I think there’s two seperate issues - what the syntax looks like for the user and what the syntax looks like for the library.

Since user code is more common, obviously we should optimize for that case. In particular, it would be great if you could just write Box::new(expr) or Rc::new(expr) or vec.push(expr) and have the compiler do the right thing.

As far as I can tell, the only reason this optimization can’t be done completely automatically is order of evaluation issues in the case of placement (note that there is no such concern for placeless allocation like Box::new and Rc::new).

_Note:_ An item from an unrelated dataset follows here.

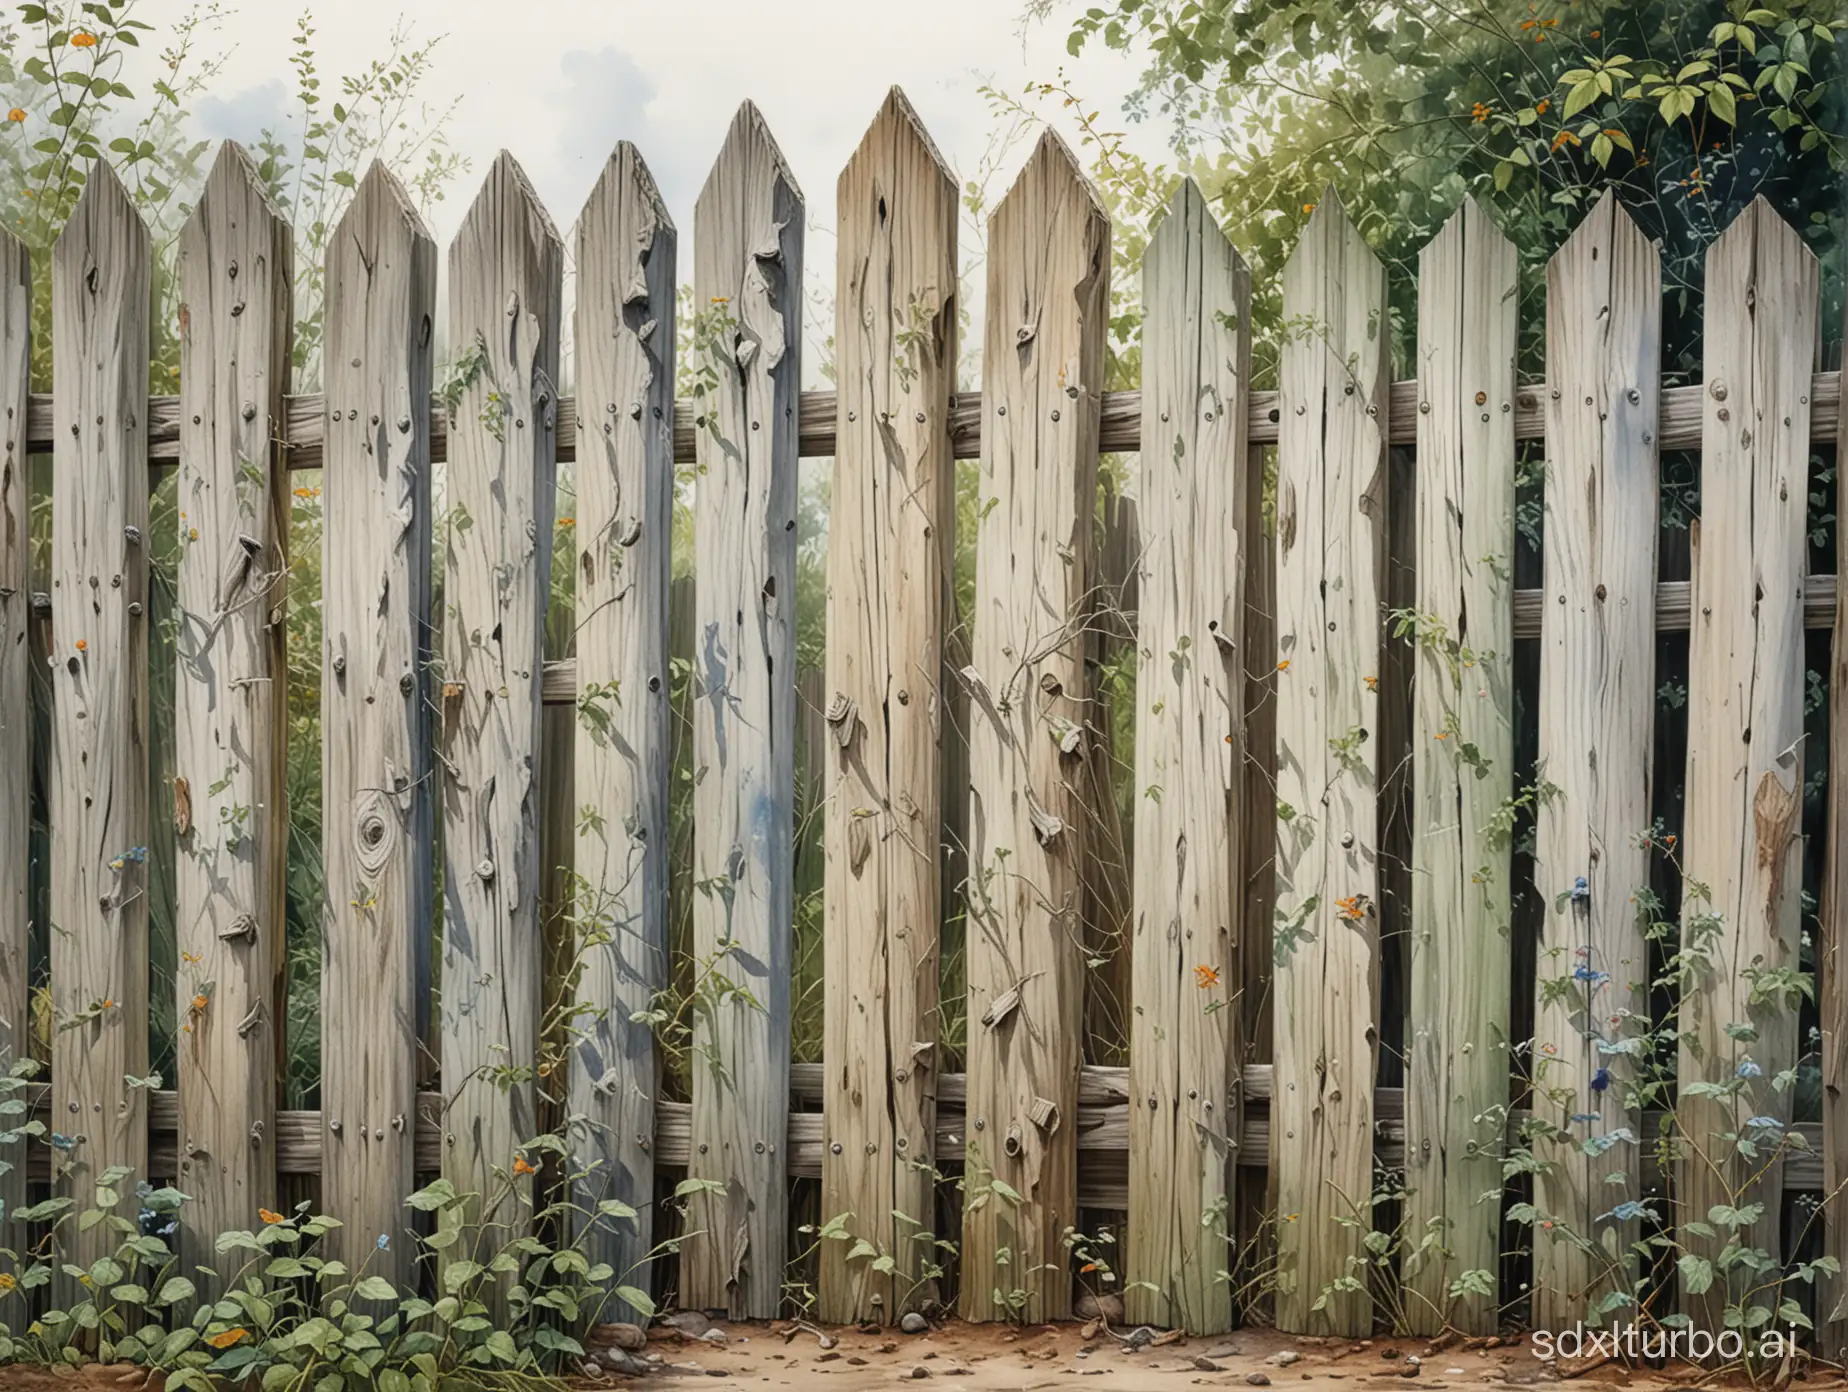 A disheveled wooden fence, highly and delicately detailed drawing, intricate watercolor

In the case of Vec::push, doing the allocation changes the state of the vec, and there’s interesting questions surrounding what will happen if EXPR involves borrowing vec, as well as if it panics or completes abruptly. This sounds similar to the Non Lexical Lifetime issue, so maybe we should wait to see how they decide to handle stuff like vec.push(vec.capacity()) first.

Sure, but I've seen similar arguments used against direct usage of closures for emplacement.

This sounds like an advantage of the closure form, really: vec.place_back(|| run_code()?) will give you a type error, whereas vec <- run_code()? will compile, but won't do the intended optimization.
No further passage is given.